Merge tag 'i3c/for-5.18' of git://git.kernel.org/pub/scm/linux/kernel/git/i3c/linux

Pull i3c updates from Alexandre Belloni:

- support dynamic addition of i2c devices

* tag 'i3c/for-5.18' of git://git.kernel.org/pub/scm/linux/kernel/git/i3c/linux:
  i3c: fix uninitialized variable use in i2c setup
  i3c: support dynamically added i2c devices
  i3c: remove i2c board info from i2c_dev_desc

Merge tag 'clk-for-linus' of git://git.kernel.org/pub/scm/linux/kernel/git/clk/linux

Pull clk updates from Stephen Boyd:
"There's one large change in the core clk framework here. We change how
  clk_set_rate_range() works so that the frequency is re-evaulated each
  time the rate is changed. Previously we wouldn't let clk providers see
  a rate that was different if it was still within the range, which
  could be bad for power if the clk could run slower when a range
  expands. Now the clk provider can decide to do something differently
  when the constraints change. This broke Nvidia's clk driver so we had
  to wait for the fix for that to bake a little more in -next.

  The rate range patch series also introduced a kunit suite for the clk
  framework that we're going to extend in the next release. It already
  made it easy to find corner cases in the rate range patches so I'm
  excited to see it cover more clk code and increase our confidence in
  core framework patches in the future.
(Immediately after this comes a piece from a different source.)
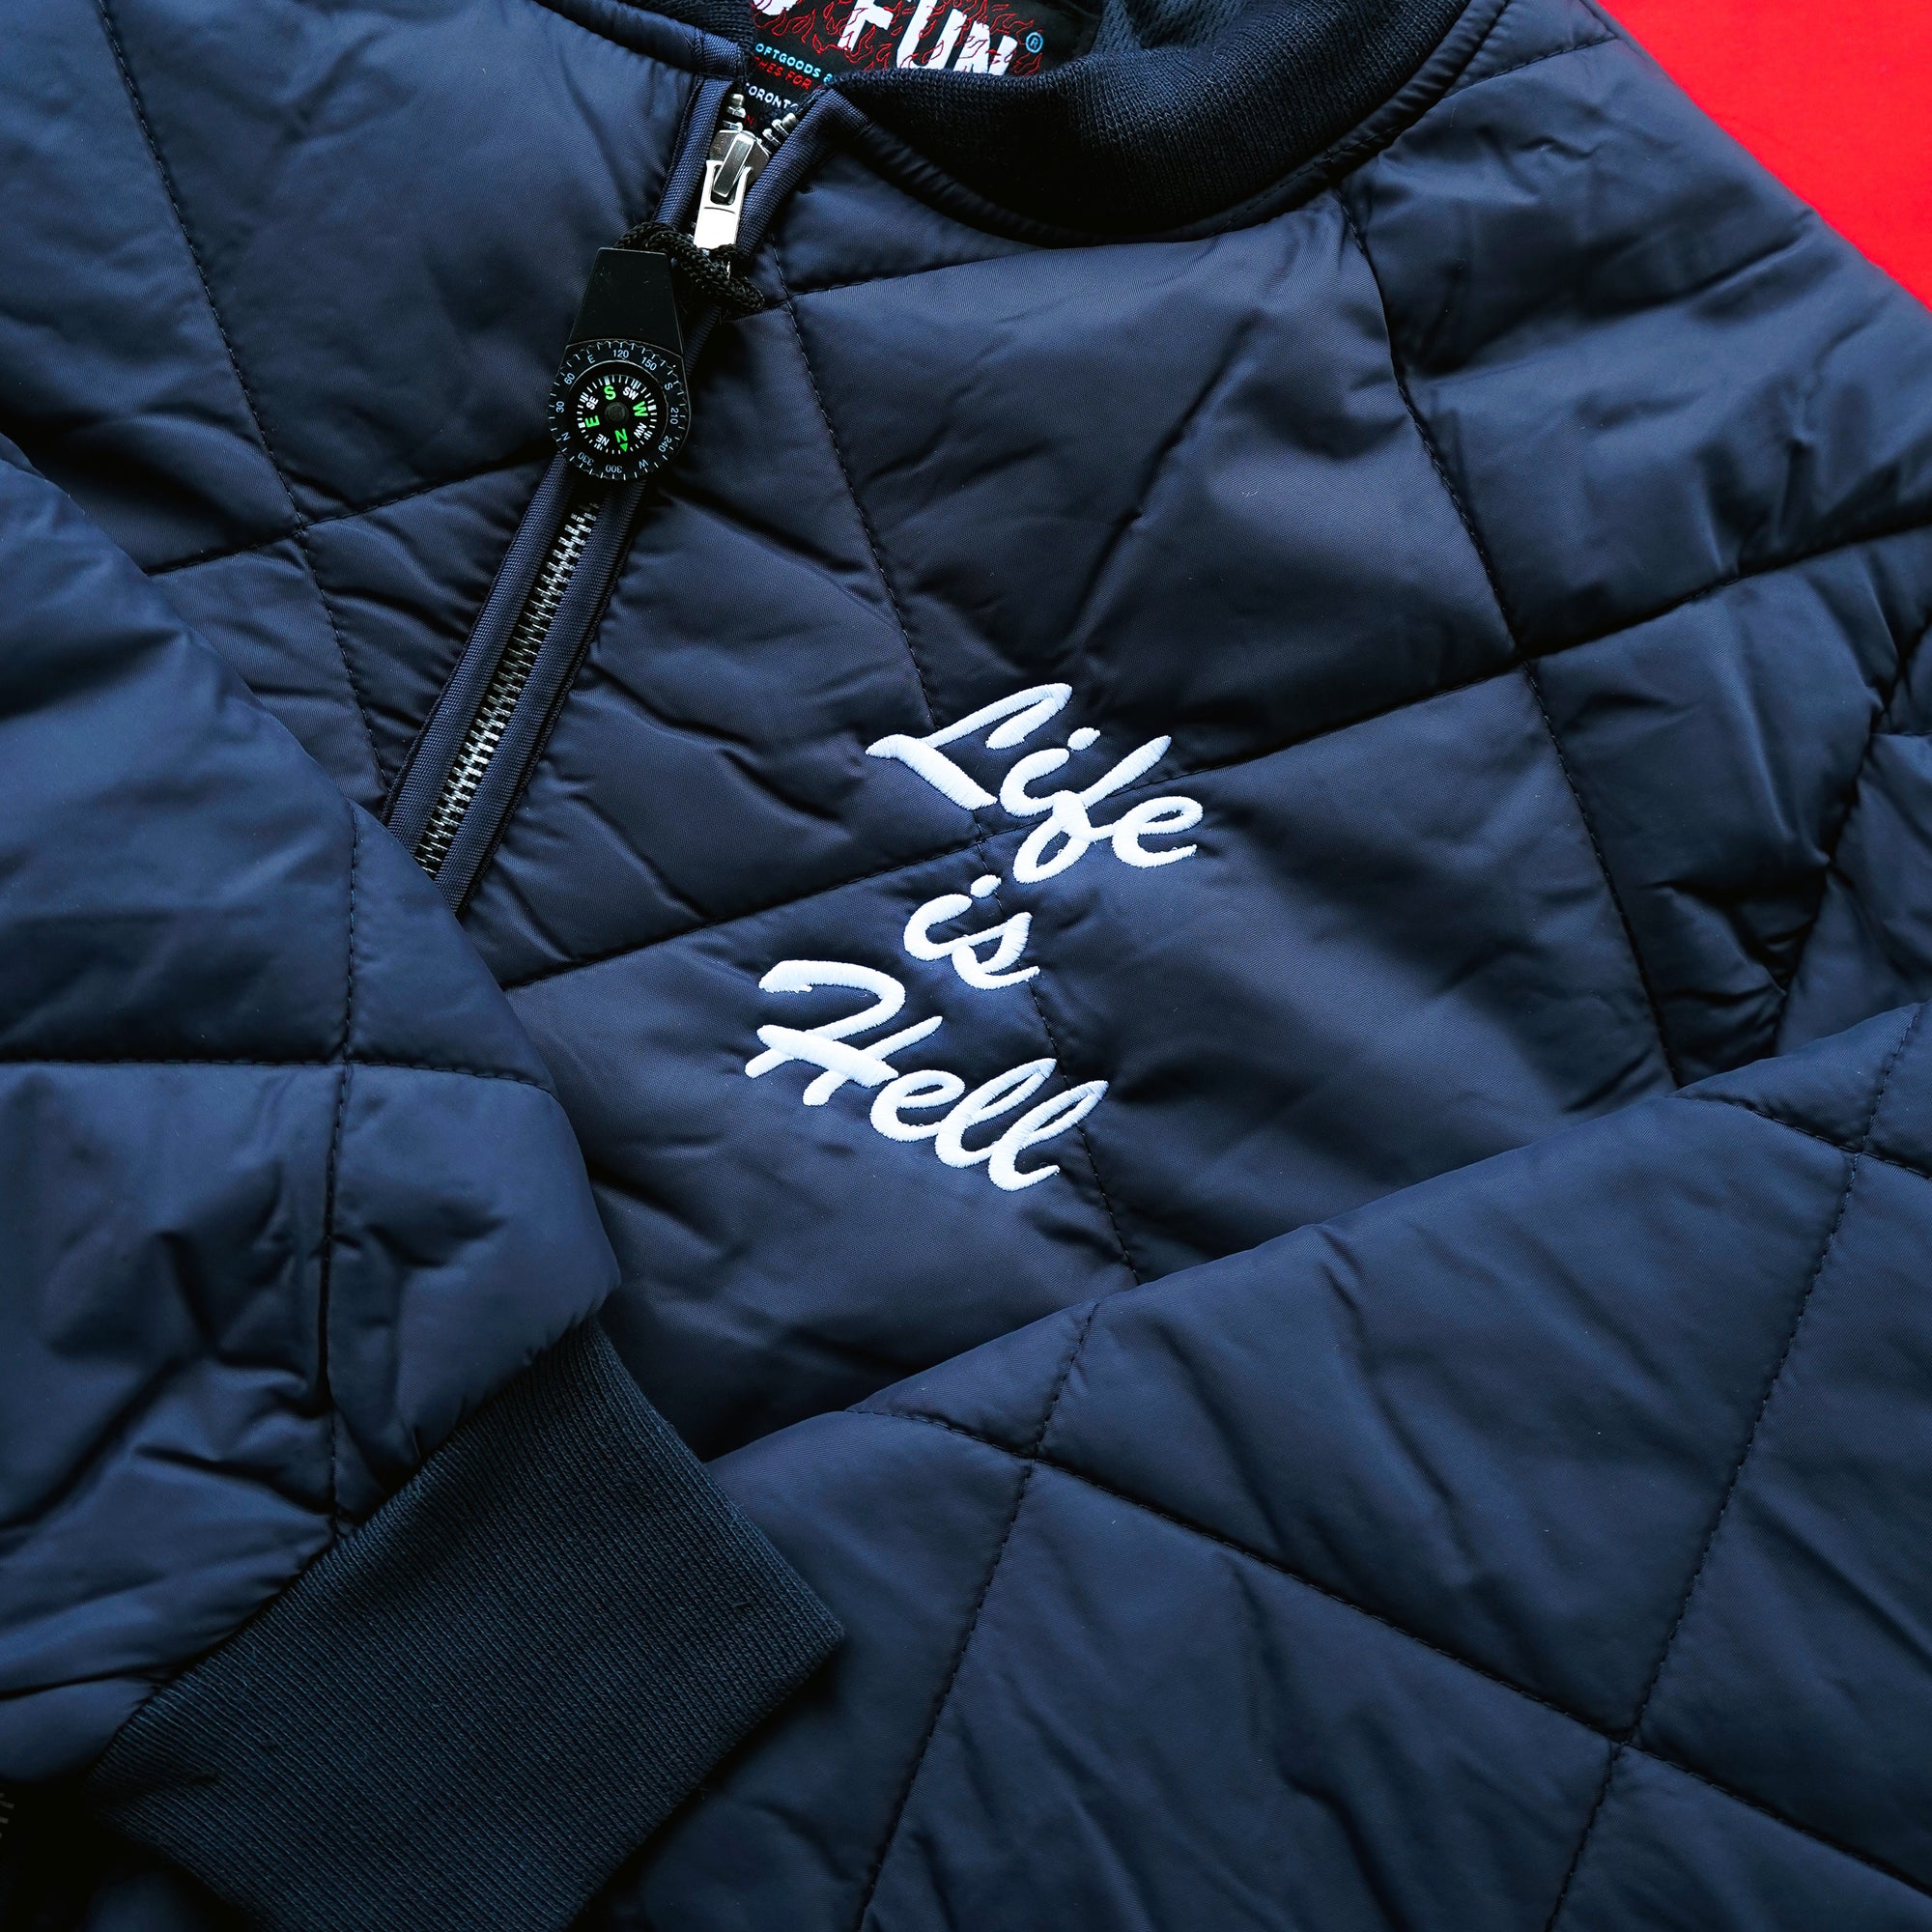 Product photo of the official No Fun® "Life Is Hell" Quilted Bomber Jacket in the navy colourway. The product is photographed on a red background, with the sleeves of the jacket folded over. The jacket features the text "Life Is Hell" embroidered on the front of the jacket in white. The jacket also features a zipper on the front, and full quilting on the entire outer shell.

I also added a kunit test for
  the basic clk gate code and that work will continue to cover more
  basic clk types: muxes, dividers, etc.

  Beyond the core code we have the usual set of clk driver updates and
  additions. Qualcomm again dominates the diffstat here with lots more
  SoCs being supported and i.MX follows afer that with a similar number
  of SoCs gaining clk drivers. Beyond those large additions there's
  drivers being modernized to use clk_parent_data so we can move away
  from global string names for all the clks in an SoC. Finally there's
  lots of little fixes all over the clk drivers for typos, warnings, and
  missing clks that aren't critical and get batched up waiting for the
  next merge window to open. Nothing super big stands out in the driver
  pile. Full details are below.

  Core:
   - Make clk_set_rate_range() re-evaluate the limits each time
   - Introduce various clk_set_rate_range() tests
   - Add clk_drop_range() to drop a previously set range

  New Drivers:
   - i.MXRT1050 clock driver and bindings
   - i.MX8DXL clock driver and bindings
   - i.MX93 clock driver and bindings
   - NCO blocks on Apple SoCs
   - Audio clks on StarFive JH7100 RISC-V SoC
   - Add support for the new Renesas RZ/V2L SoC
   - Qualcomm SDX65 A7 PLL
   - Qualcomm SM6350 GPU clks
   - Qualcomm SM6125, SM6350, QCS2290 display clks
   - Qualcomm MSM8226 multimedia clks

  Updates:
   - Kunit tests for clk-gate implementation
   - Terminate arrays with sentinels and make that clearer
   - Cleanup SPDX tags
   - Fix typos in comments
   - Mark mux table as const in clk-mux
   - Make the all_lists array const
   - Convert Cirrus Logic CS2000P driver to regmap, yamlify DT binding
     and add support for dynamic mode
   - Clock configuration on Microchip PolarFire SoCs
   - Free allocations on probe error in Mediatek clk driver
   - Modernize Mediatek clk driver by consolidating code
   - Add watchdog (WDT), I2C, and pin function controller (PFC) clocks
     on Renesas R-Car S4-8
   - Improve the clocks for the Rockchip rk3568 display outputs
     (parenting, pll-rates)
   - Use of_device_get_match_data() instead of open-coding on Rockchip
     rk3568
   - Reintroduce the expected fractional-divider behaviour that
     disappeared with the addition of CLK_FRAC_DIVIDER_POWER_OF_TWO_PS
   - Remove SYS PLL 1/2 clock gates for i.MX8M*
   - Remove AUDIO MCLK ROOT from i.MX7D
   - Add fracn gppll clock type used by i.MX93
   - Add new composite clock for i.MX93
   - Add missing media mipi phy ref clock for i.MX8MP
   - Fix off by one in imx_lpcg_parse_clks_from_dt()
   - Rework for the imx pll14xx
   - sama7g5: One low priority fix for GCLK of PDMC
   - Add DMA engine (SYS-DMAC) clocks on Renesas R-Car S4-8
   - Add MOST (MediaLB I/F) clocks on Renesas R-Car E3 and D3
   - Add CAN-FD clocks on Renesas R-Car V3U
   - Qualcomm SC8280XP RPMCC
   - Add some missing clks on Qualcomm MSM8992/MSM8994/MSM8998 SoCs
   - Rework Qualcomm GCC bindings and convert SDM845 camera bindig to
     YAML
   - Convert various Qualcomm drivers to use clk_parent_data
   - Remove test clocks from various Qualcomm drivers
   - Crypto engine clks on Qualcomm IPQ806x + more freqs for SDCC/NSS
   - Qualcomm SM8150 EMAC, PCIe, UFS GDSCs
   - Better pixel clk frequency support on Qualcomm RCG2 clks"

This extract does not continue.